= RECORDED INFORMATION =
=======
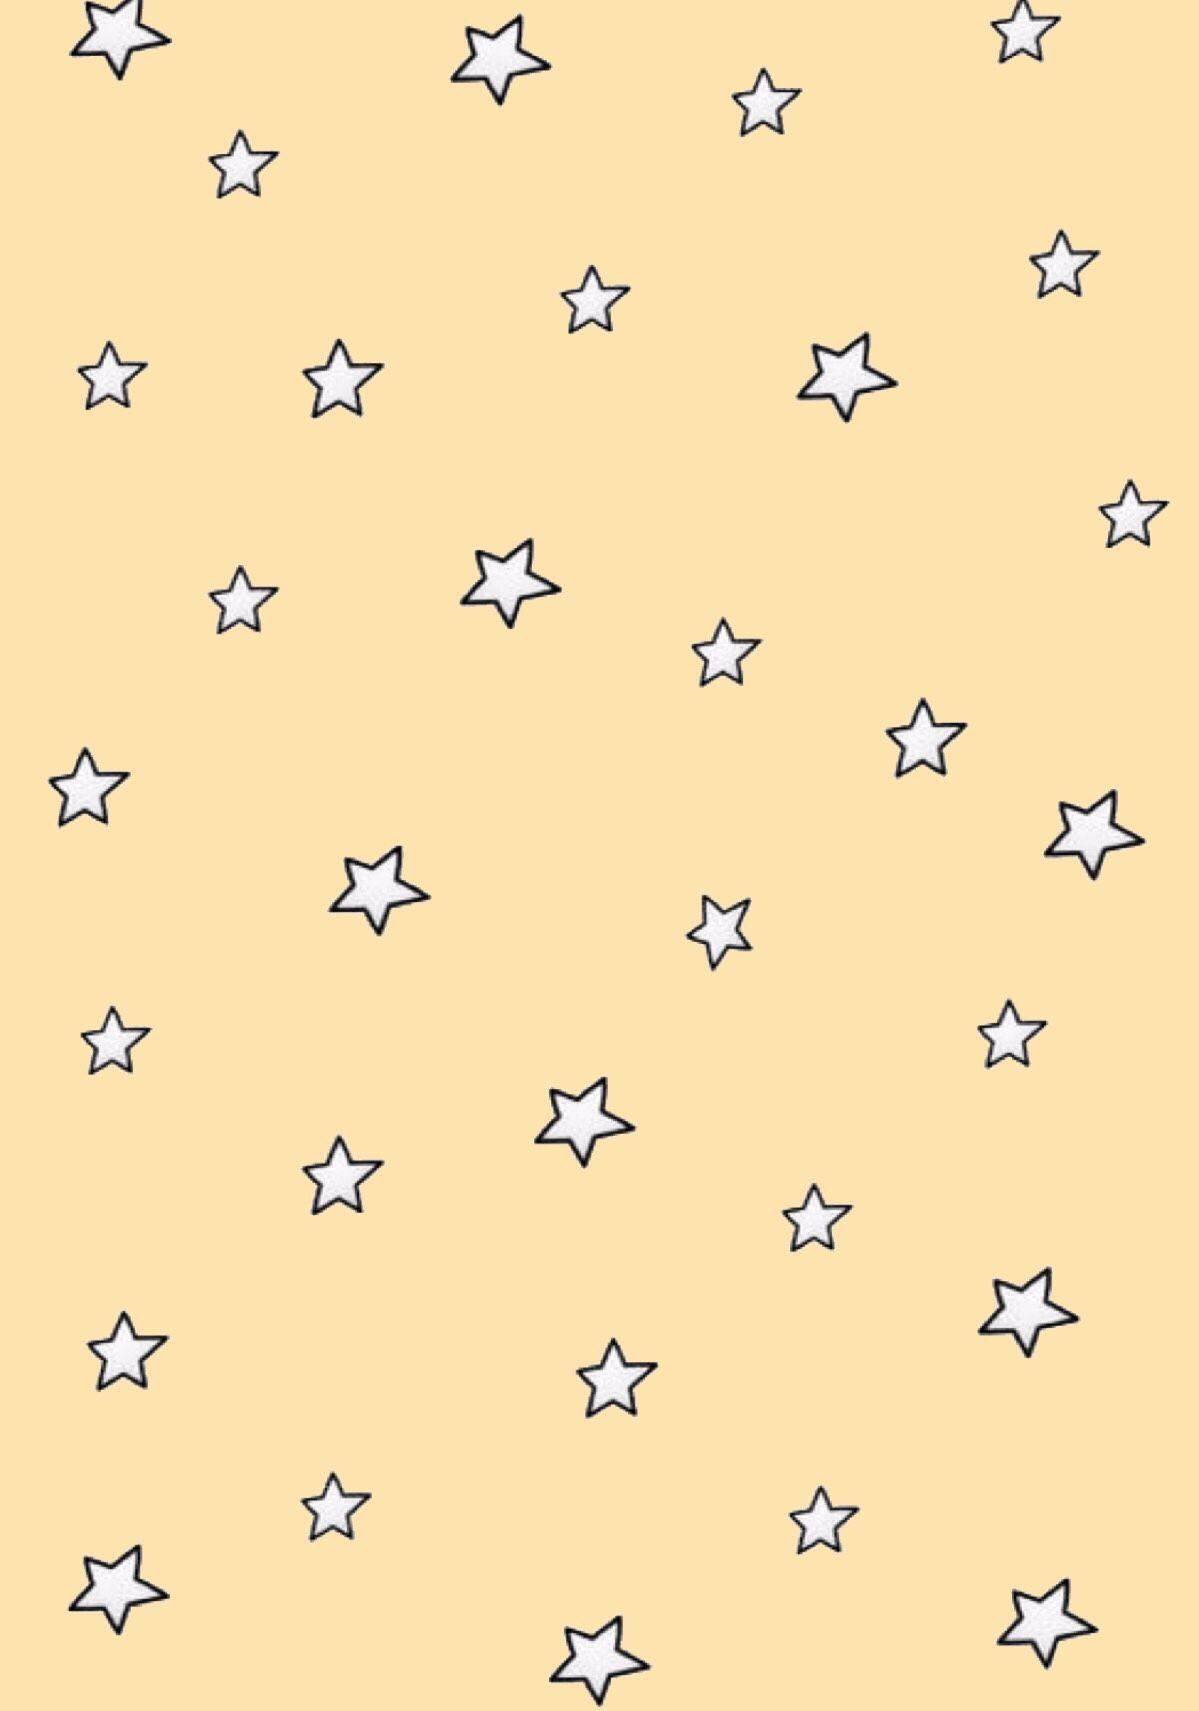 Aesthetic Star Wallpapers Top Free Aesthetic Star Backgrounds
=======
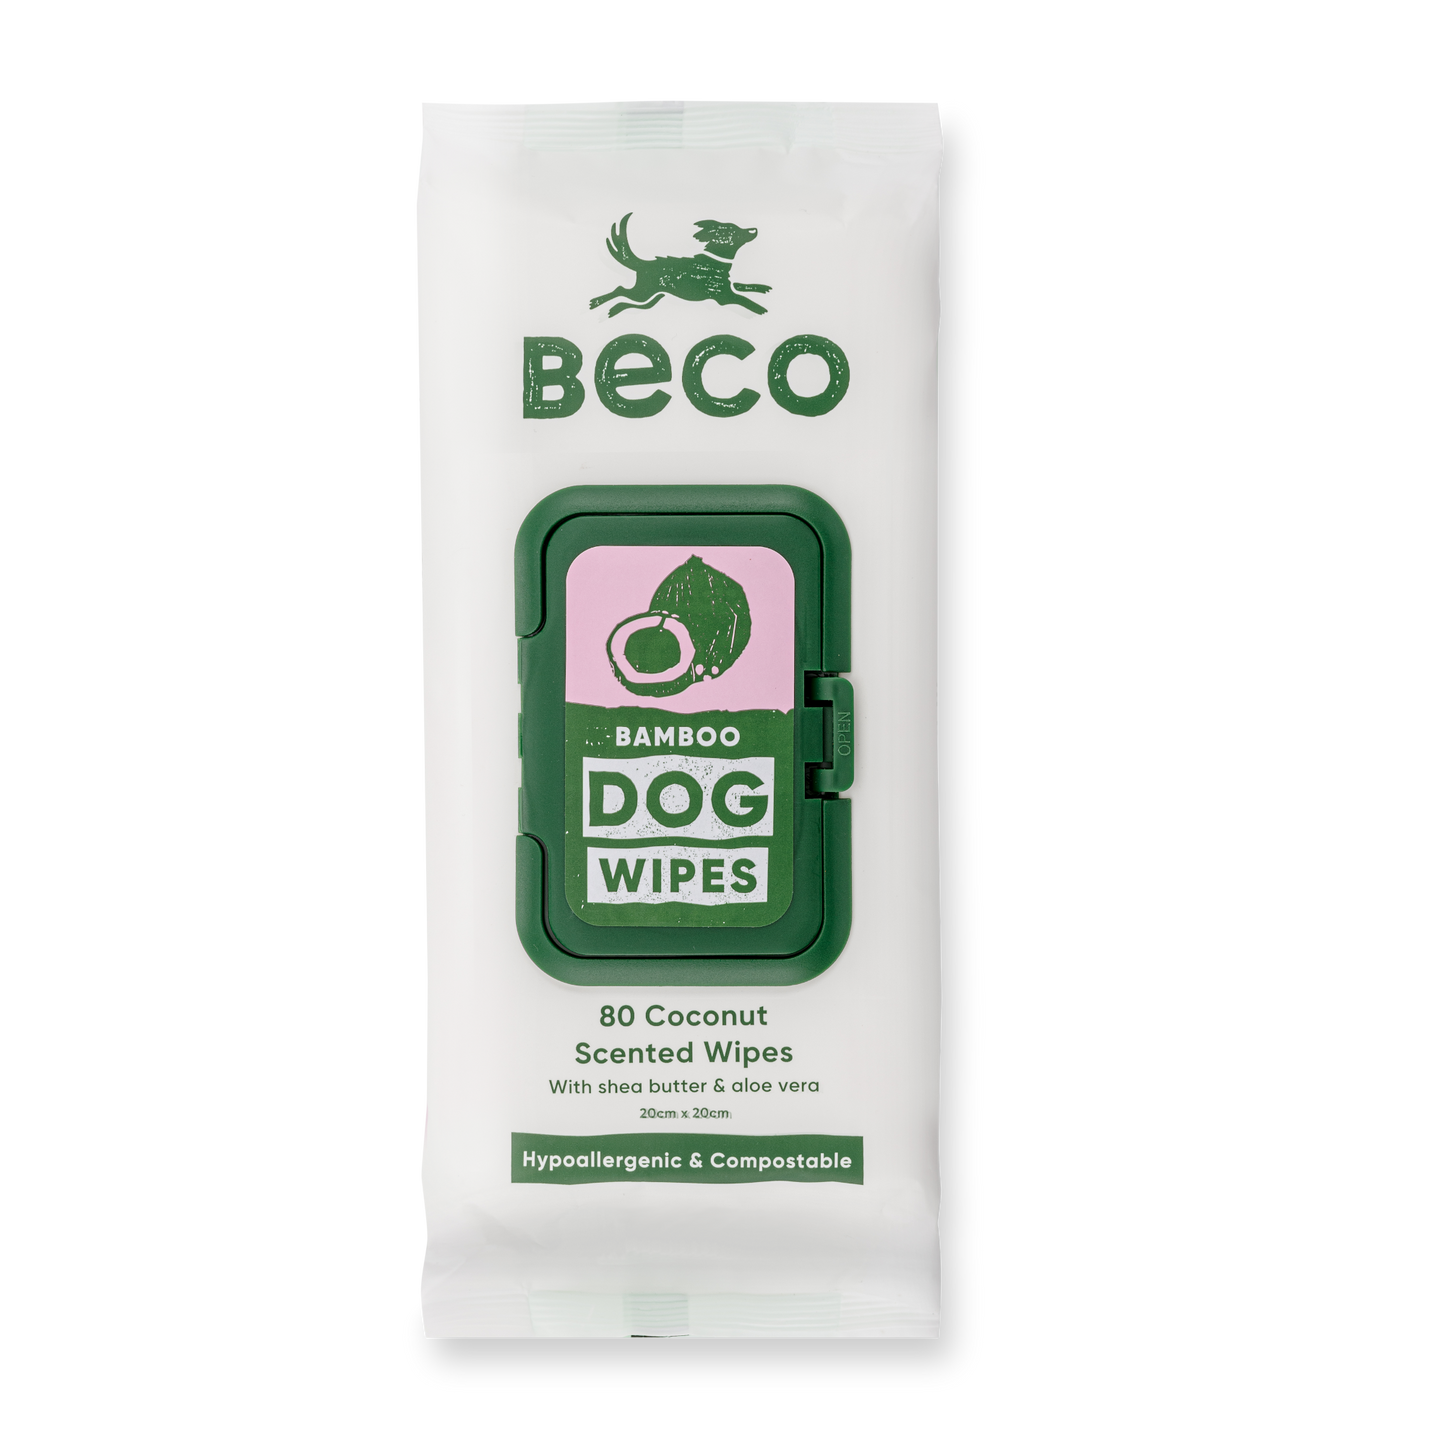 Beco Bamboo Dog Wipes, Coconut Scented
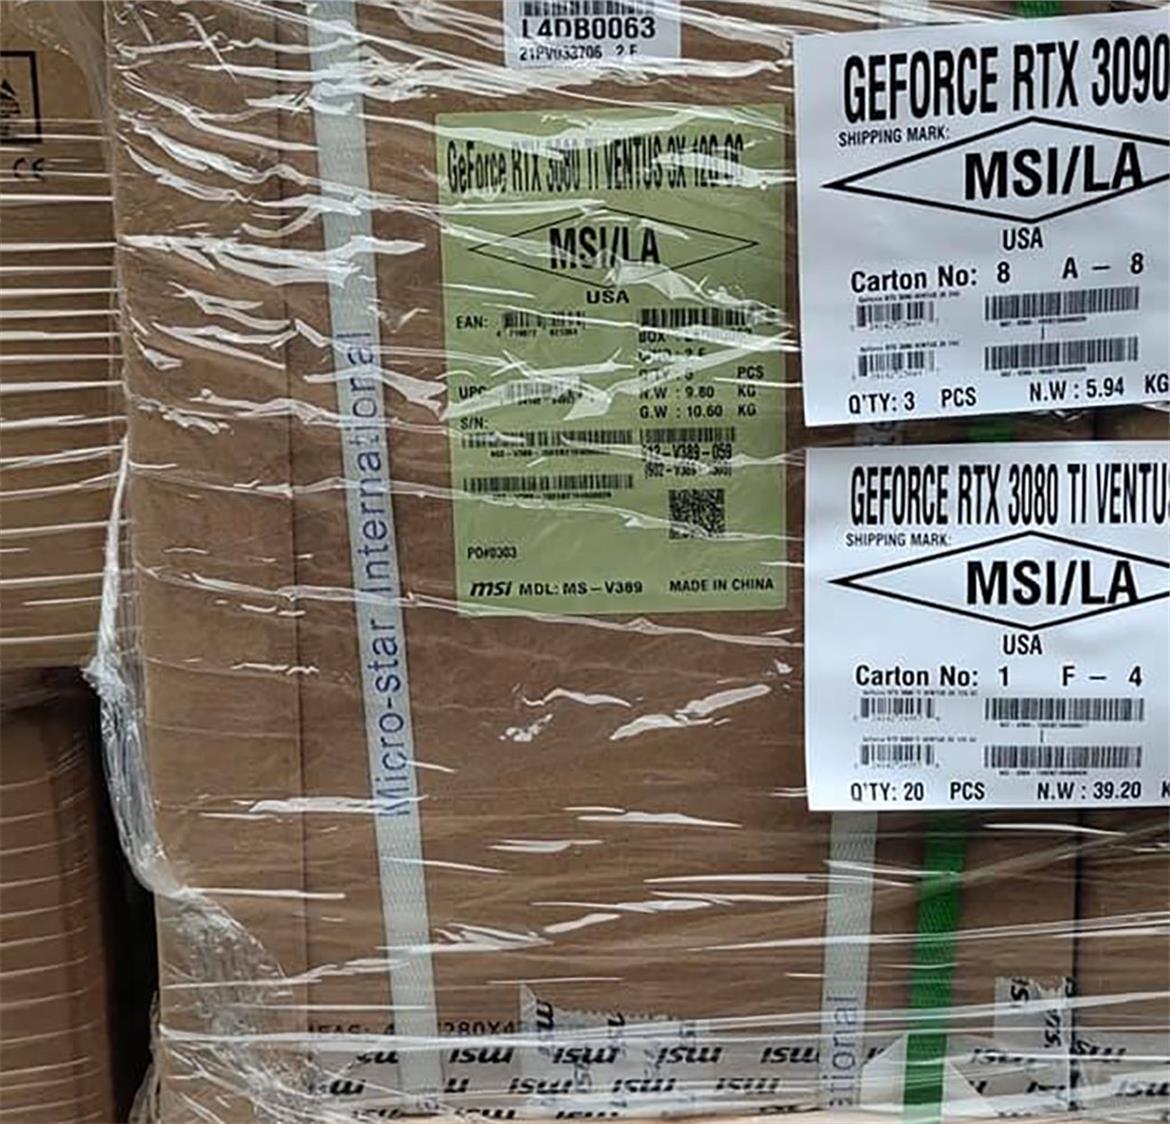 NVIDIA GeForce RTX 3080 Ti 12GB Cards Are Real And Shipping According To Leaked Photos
=======
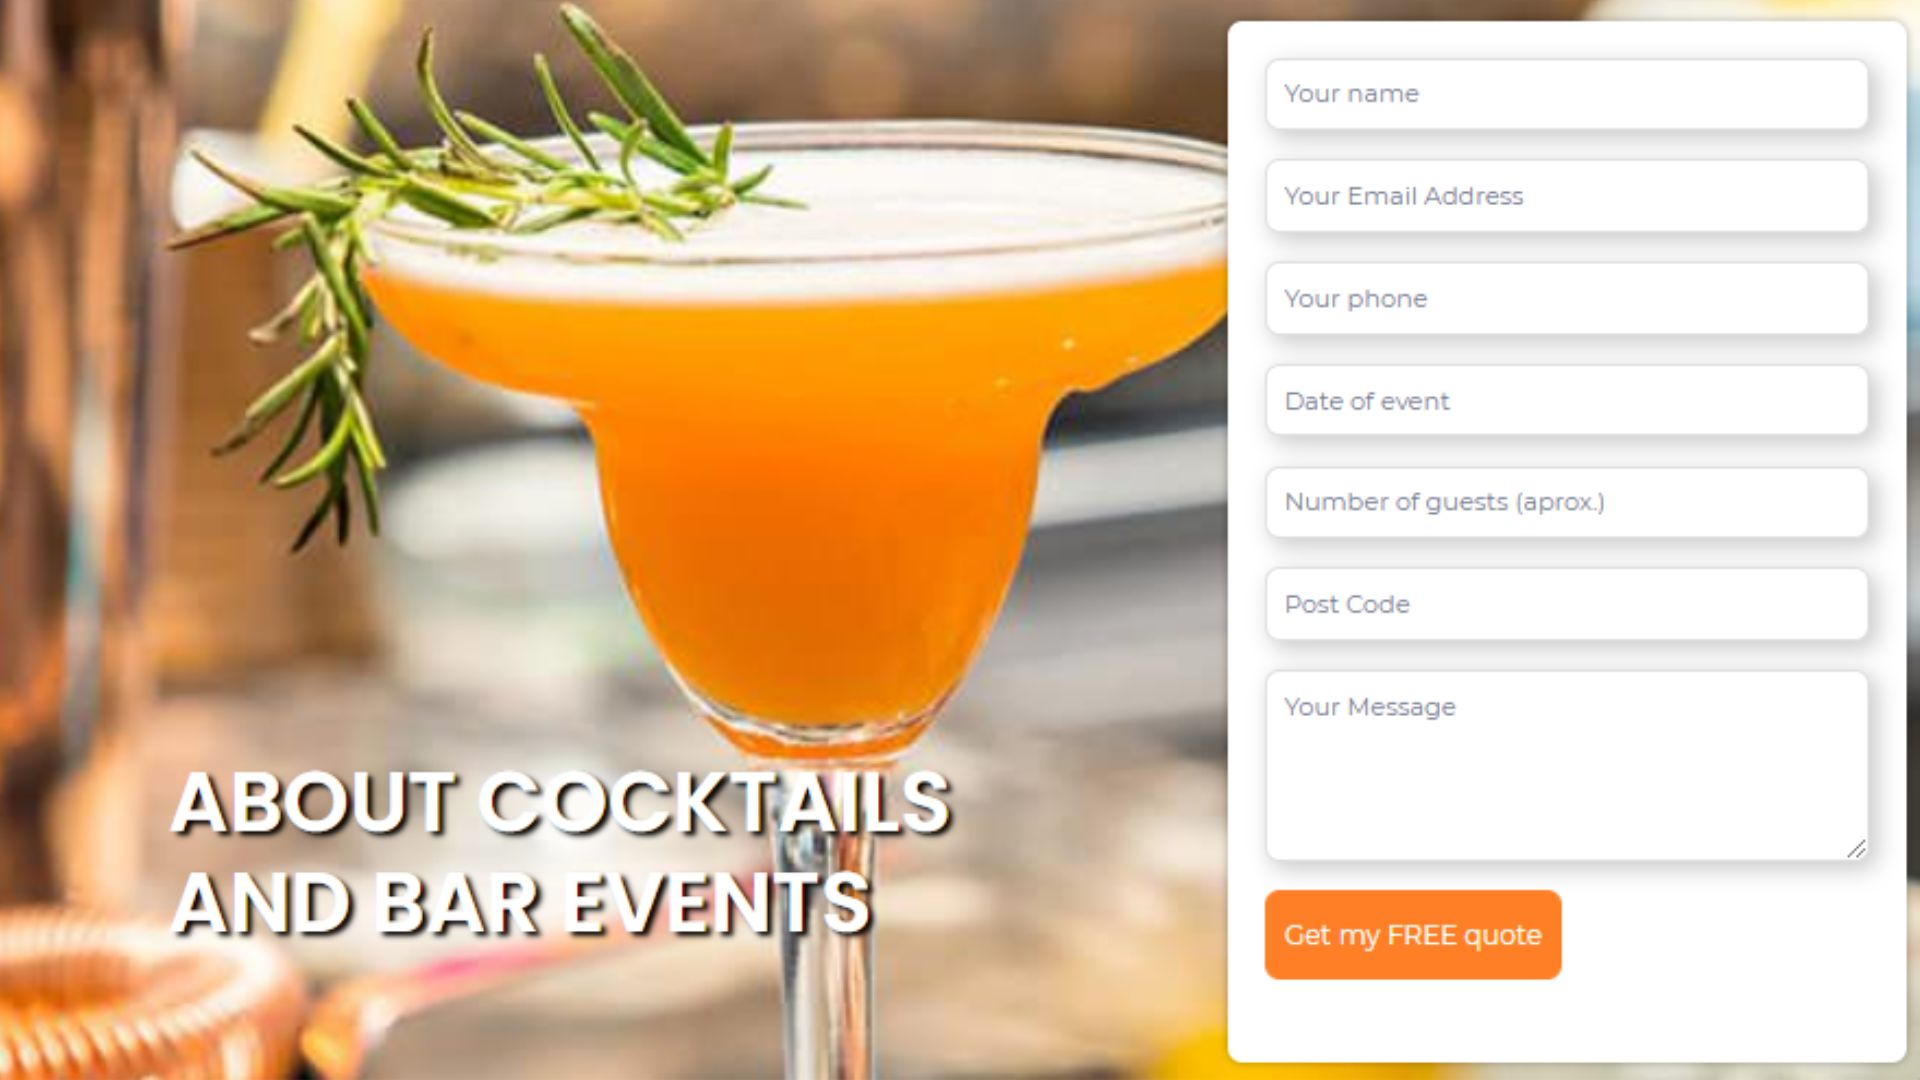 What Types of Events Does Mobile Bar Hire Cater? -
=======
= DIRECTIONS =
Using the entries above, write out exactly the lines from the one with "Beco Bamboo Dog Wipes, Coconut Scented" through the one with "NVIDIA GeForce RTX", ends included. Leave out any pictures.

= YOUR SOLUTION =
 Beco Bamboo Dog Wipes, Coconut Scented
 NVIDIA GeForce RTX 3080 Ti 12GB Cards Are Real And Shipping According To Leaked Photos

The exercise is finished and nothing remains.